INFORMATION SUPPLIED:
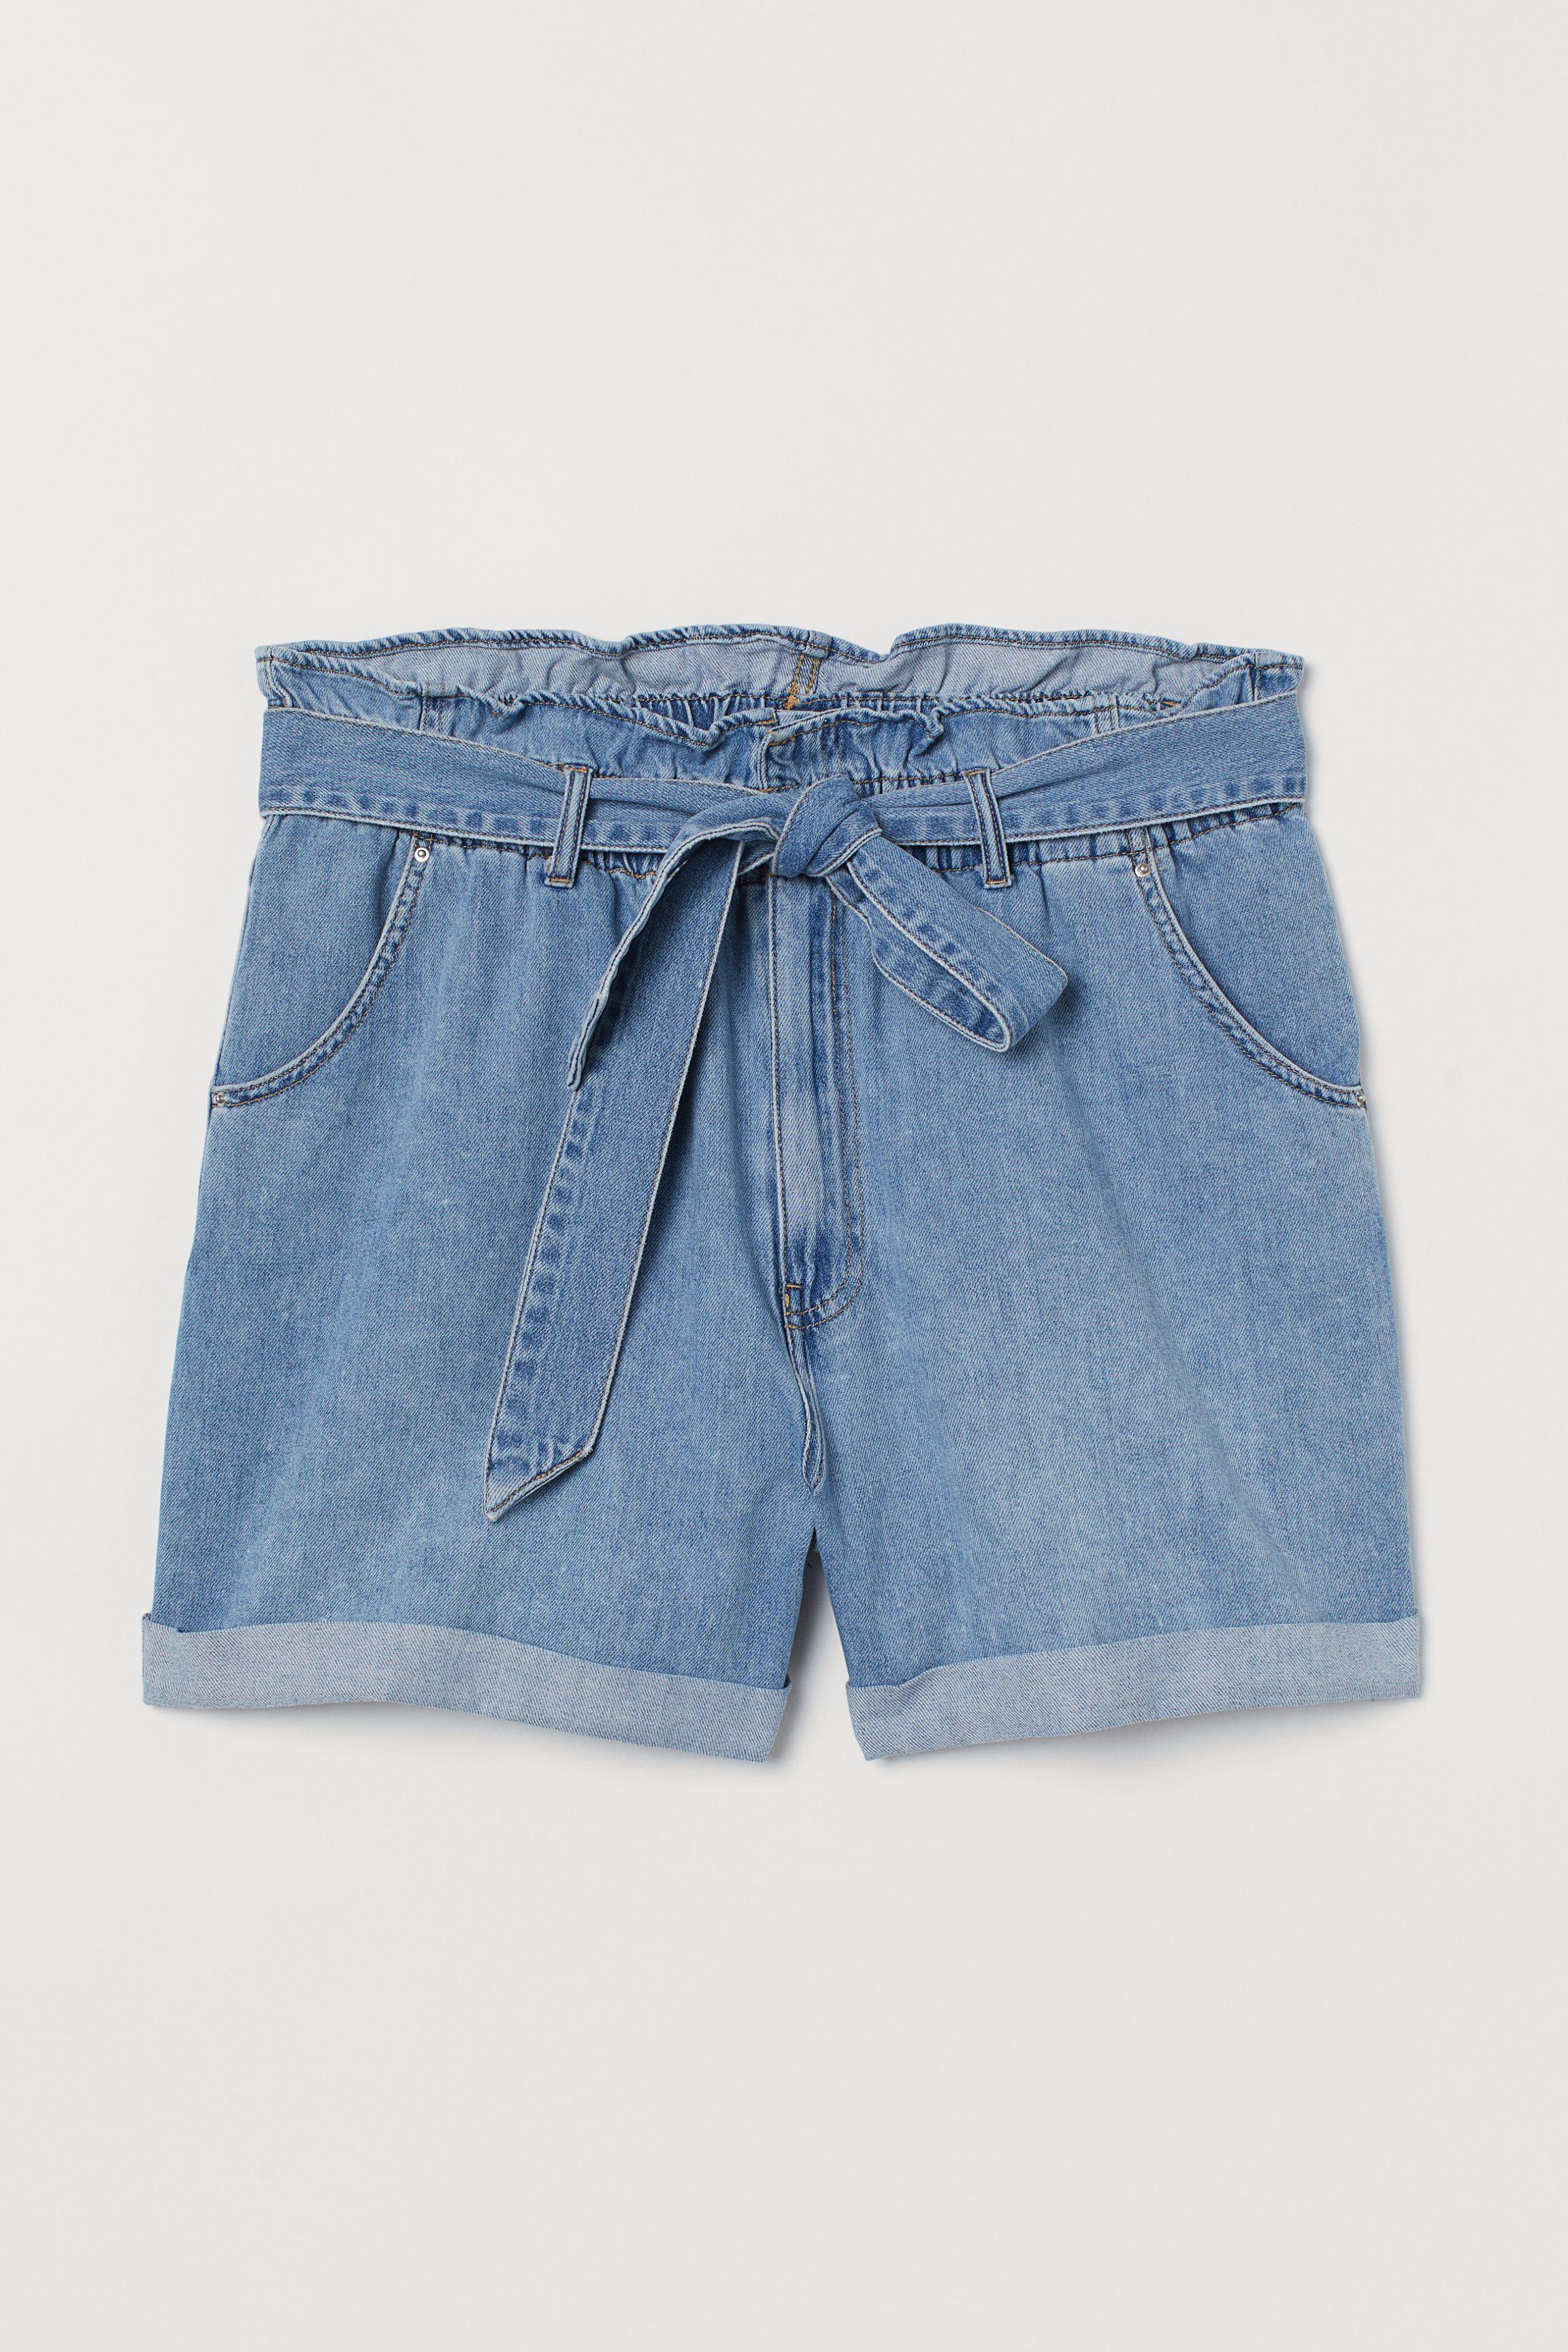 H&M+ Denim Paper-bag Shorts
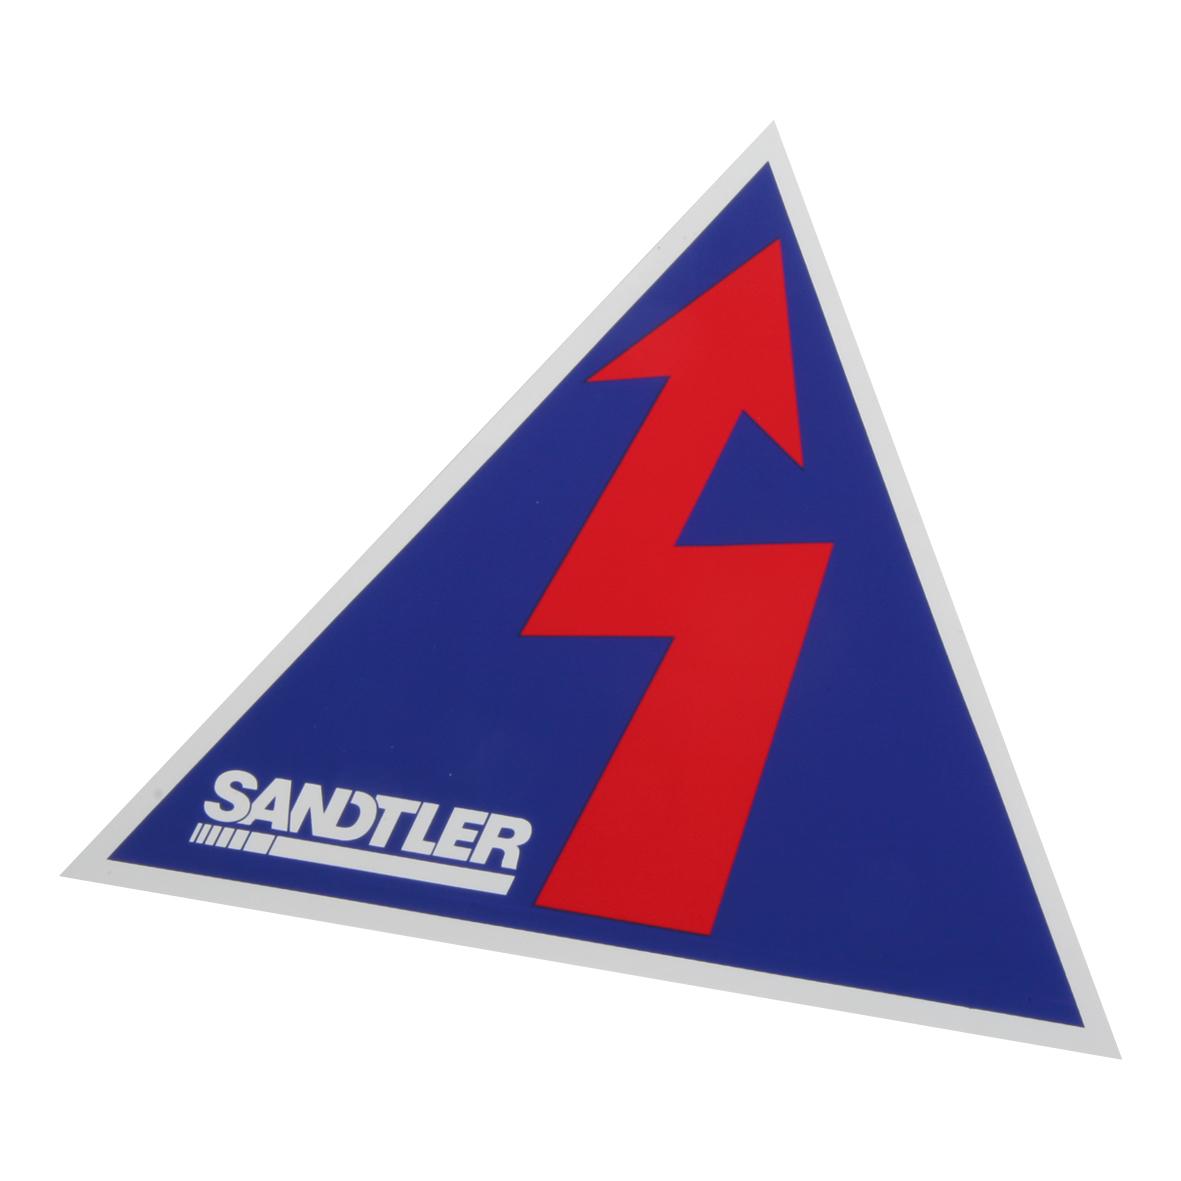 Sandtler Blitz-Aufkleber
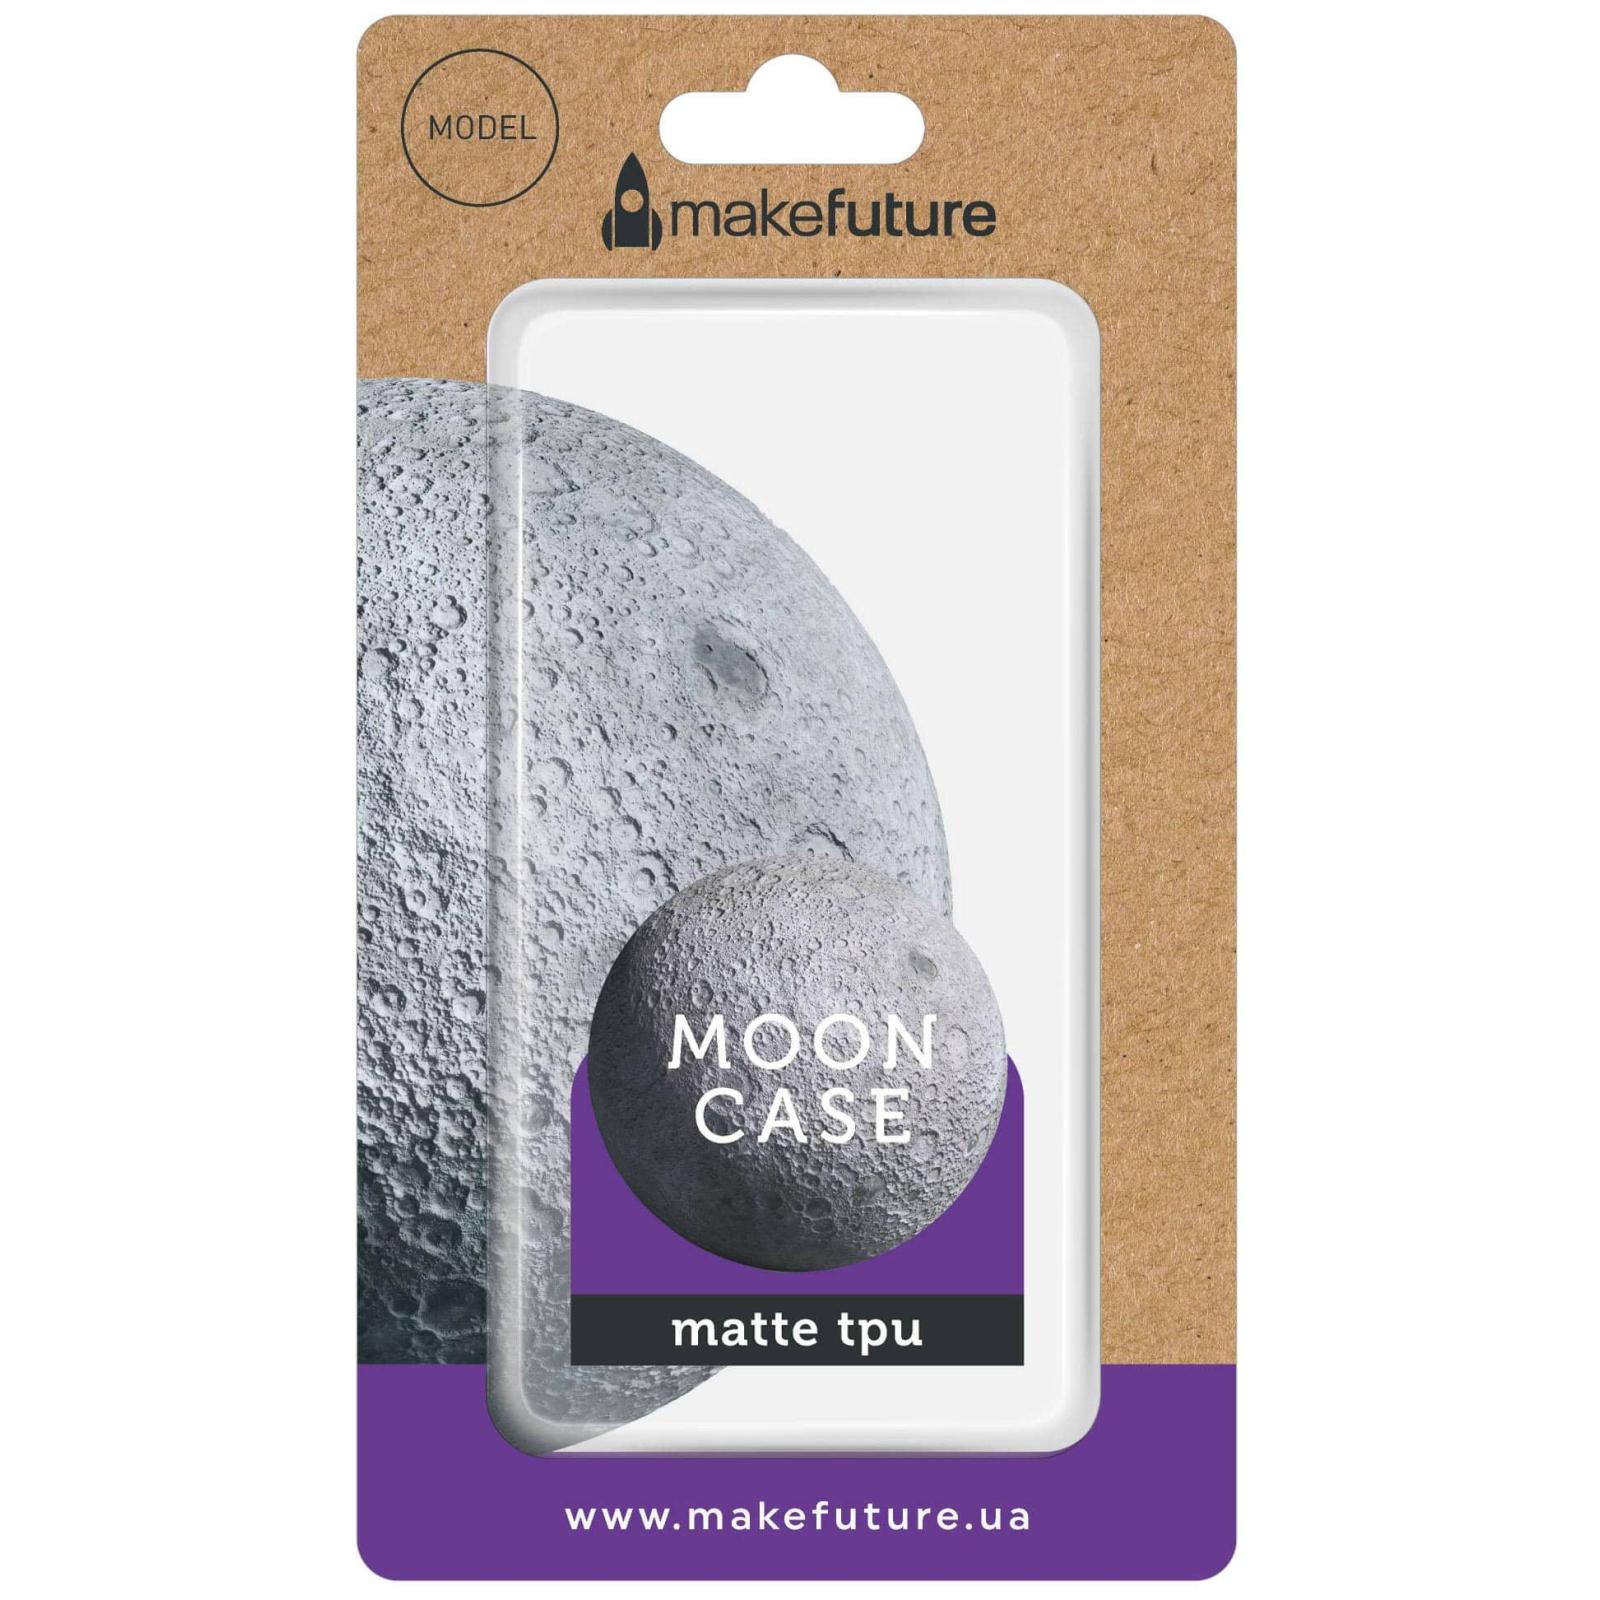 Чехол для моб. телефона MakeFuture Moon Case (TPU) для Apple iPhone 6 Black (MCM-AI6BK) изображение 4

INSTRUCTIONS FOR THE TASK:
Would you please output the listing above exactly, leaving out the pictures?

ANSWER TO THIS EXERCISE:
 H&M+ Denim Paper-bag Shorts
 Sandtler Blitz-Aufkleber
 Чехол для моб. телефона MakeFuture Moon Case (TPU) для Apple iPhone 6 Black (MCM-AI6BK) изображение 4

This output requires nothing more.